NOTE: This tutorial is based on Rstudio 1.2.1335 and R 3.6.1, the latest version of both. Almost all steps should work identically on older versions, but there may be issues installing some packages. In this case, I recommend updating your version of R unless you have a specific reason not to.
The first step to any organized R project is to create a new Rstudio project. A project keeps all your different scripts and results together in a single directory. It also separates saved variables, so when you are switching between different projects you aren’t accidentally using the same variables between them.
In Rstudio, select File->New Project
Then select “New Directory”.
Click on “New Project”.
Enter directory name “biol525d” and put it somewhere you can get to. In my case, I put it on the Desktop directory. Finally, click “Create Project”.
After it has been created, move your “analysis” and “vcf” directory into your biol525d project directory so you have easy access to those files.
You’re now in your Rstudio Project and the next step is to install the tidyverse package, which includes a suite of tools for manipulating data and plotting. The examples today will be focused on tidyverse solutions to problems. One key feature of the tidyverse world is the use of “%>%” to pipe data between commands. This functions similar to “|” in the commandline and helps put together strings of commands that are work together and are easy to understand.

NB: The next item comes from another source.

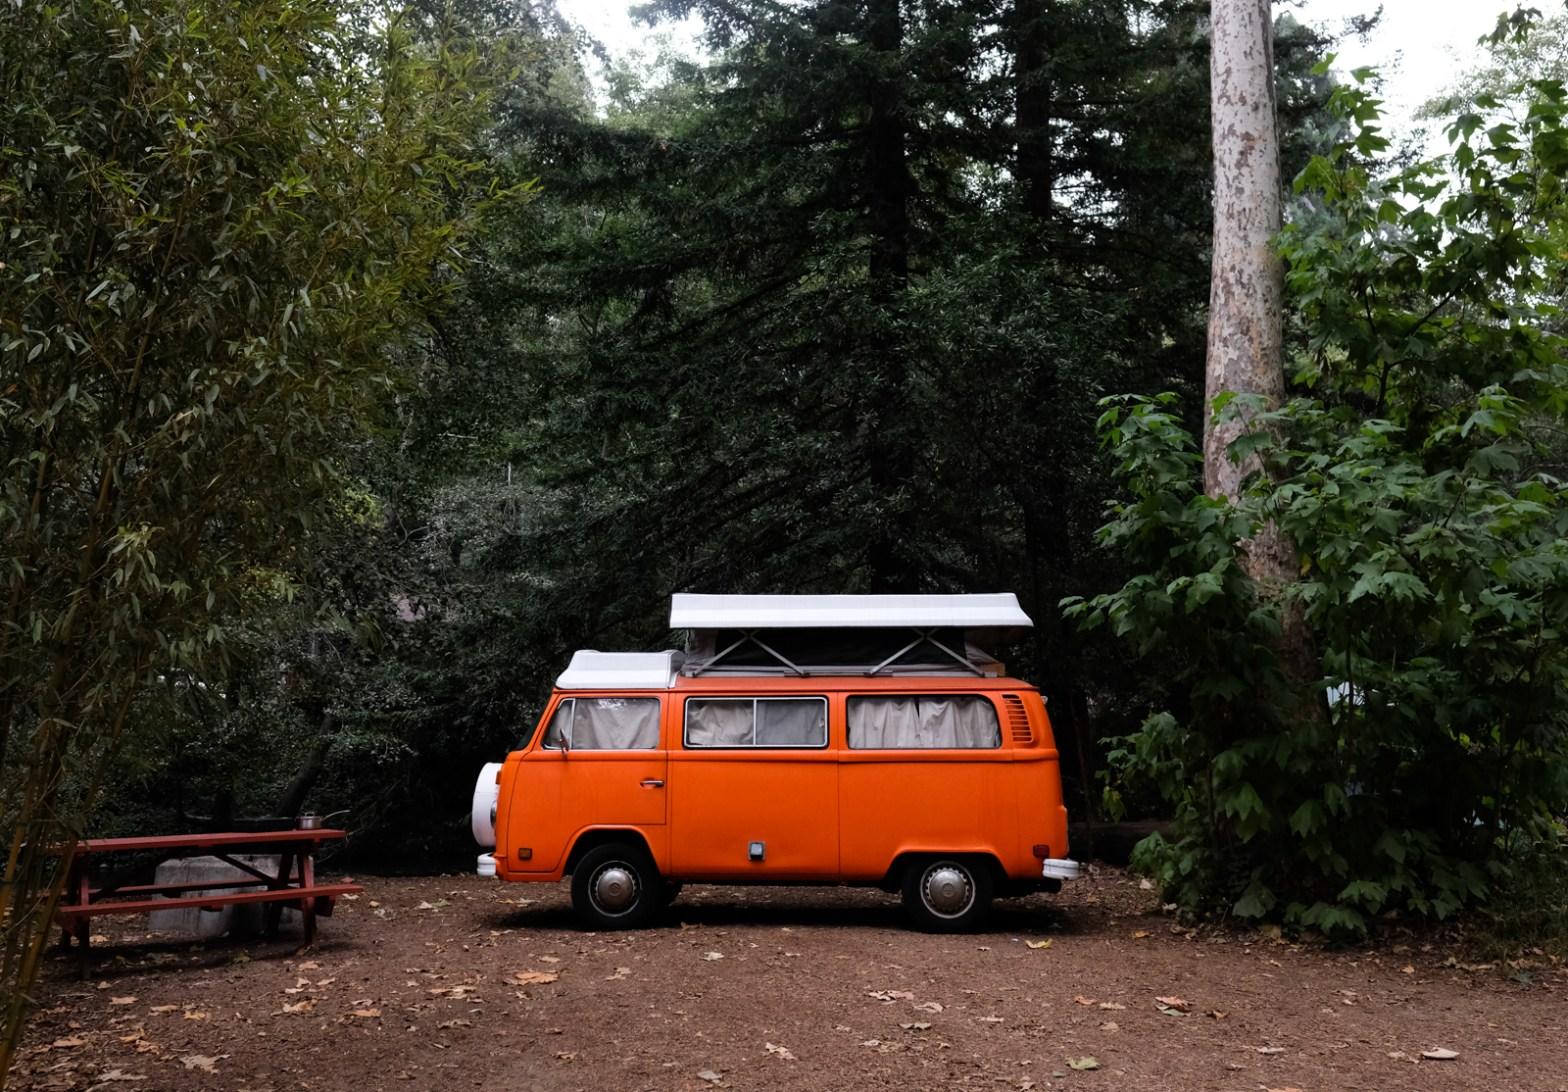 an orange VW camper van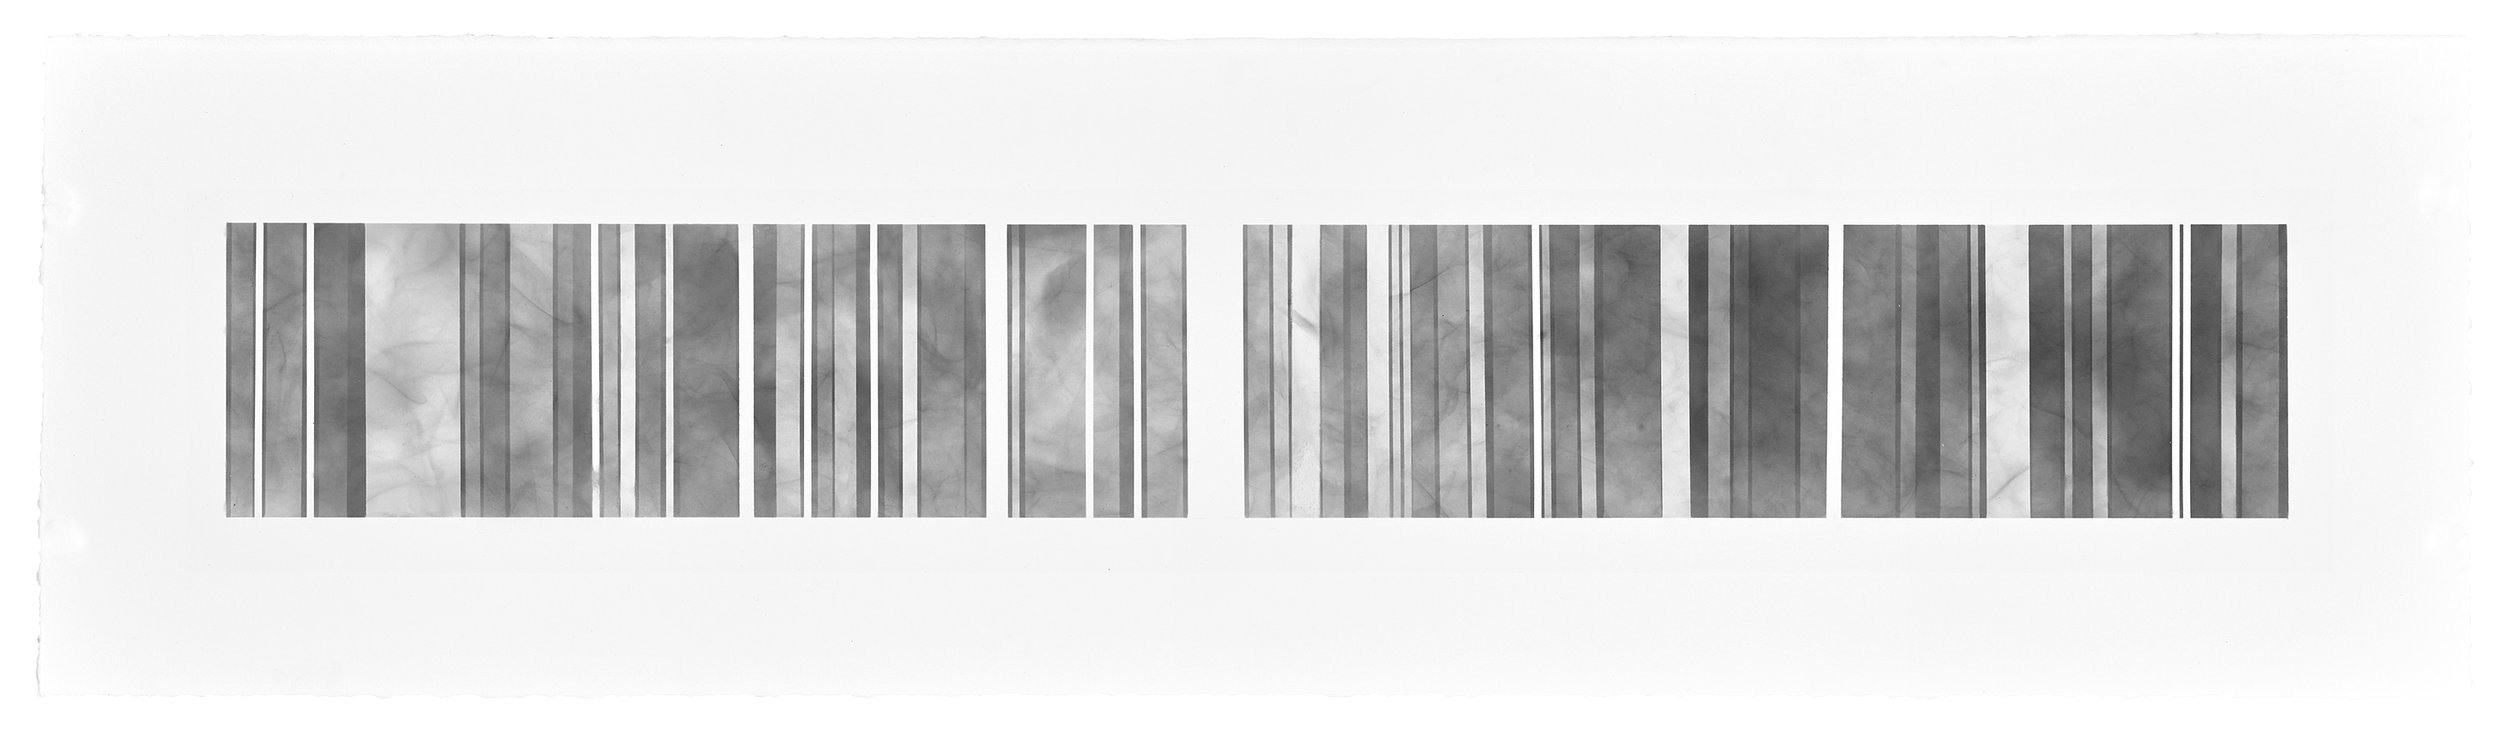 Barcode Series D, 8, 2018 copy.jpg

#install.packages("tidyverse")
library(tidyverse)
We calculated cluster assignment for each sample at different values of K. Lets try loading up a single output file. We’ll also need to keep track of the sample names.
samplelist <- read.table("analysis/Chinook_GWAS_fiiltered_fixedsamps_LDpruned.fam", header=F)
class(samplelist) #its useful to keep checking how your data is being treated - here its a DF
#all of these columns except the first aren't useful to us - all we need is the order of sample names.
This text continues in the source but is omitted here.